| > That is exactly why the term "object-oriented" was originally coined for Smalltalk. Sure but your definition doesn't cover it. If language for which the term was coined, it's a bit meaningless, ain't it. Problem with making encapsulation and polymorphism essential to OOP definition, is that it then starts garbling up functional languages like Haskell and imperative like C. I can see them being necessary but not enough to classify something as OOP. > And when you look you'll soon find out that there is no commonality here. Perhaps, but broadly speaking people agree that C++ and Java are OOP, but for example C isn't. Same way when people say and give me a fruit (as in fruits and vegetables), you'd be looked oddly if you gave a cucumber, rather than an apple. Same way can be thought of OOP. The common definition is basically covers Message-passing-languages, and inheritance/prototype based languages. |
How does it not cover it?
> Problem with making encapsulation and polymorphism essential to OOP definition, is that it then starts garbling up functional languages like Haskell and imperative like C.

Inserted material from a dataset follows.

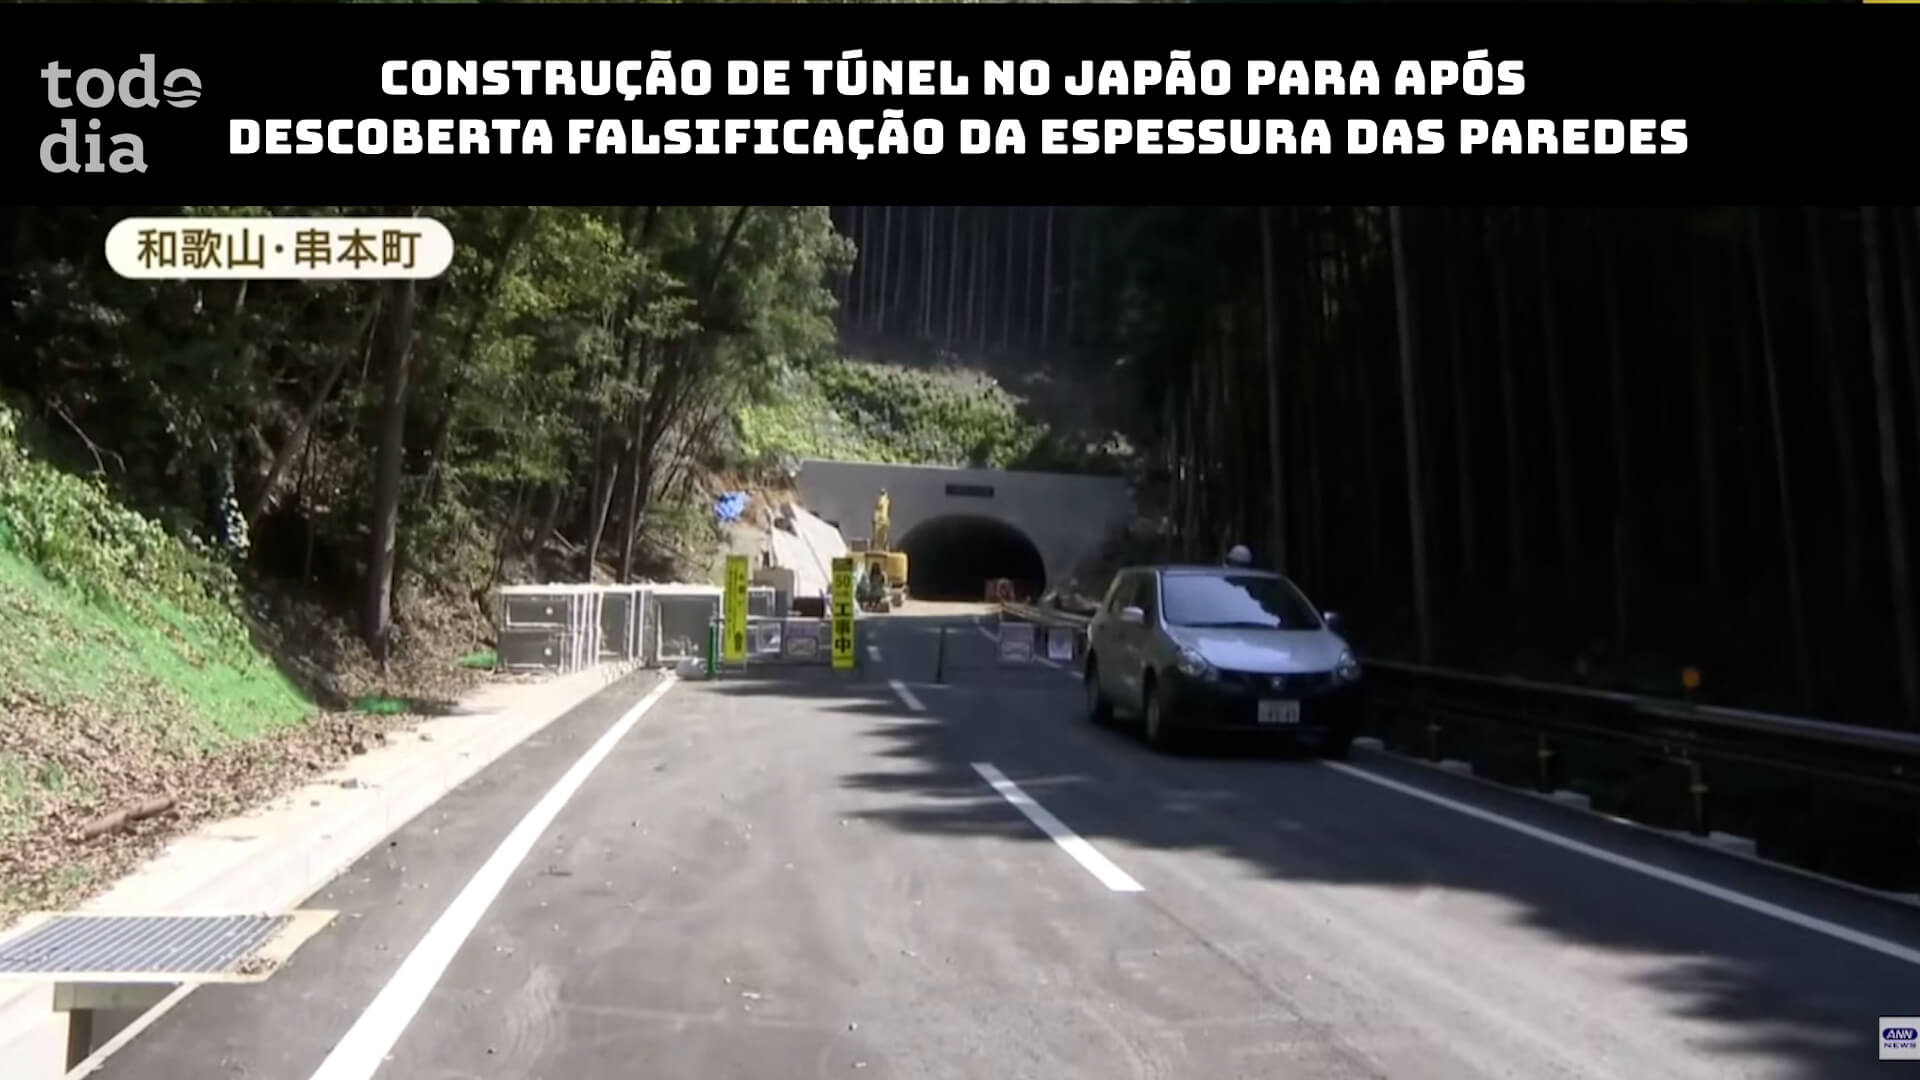 Construção de túnel no Japão para após descoberta falsificação da espessura das paredes

Polymorphism? That was never mentioned. Let me reiterate the definitions:
- Imperative: Plain functions (C, Fortran, Pascal).
- Functional: Functions with encapsulation (C++, Java, Haskell, Erlang).
- Object-oriented: Message passing (Smalltalk, Objective-C, Ruby, Erlang).
Let me also reiterate that there are other axis of concerns. Imperative, functional, and object-oriented are not trying to categorize every last feature a programming language might have. Mutable/immutable, or polymorphic/monomorphic, etc. are others concern and can be independently labeled as such.
> Perhaps, but broadly speaking people agree that C++ and Java are OOP
Many do, but just as many hold on to the original definition. Try as you might, you're not going to find a common definition here, I'm afraid. If you want to use the term effectively, you're going to have to explicitly define it each time.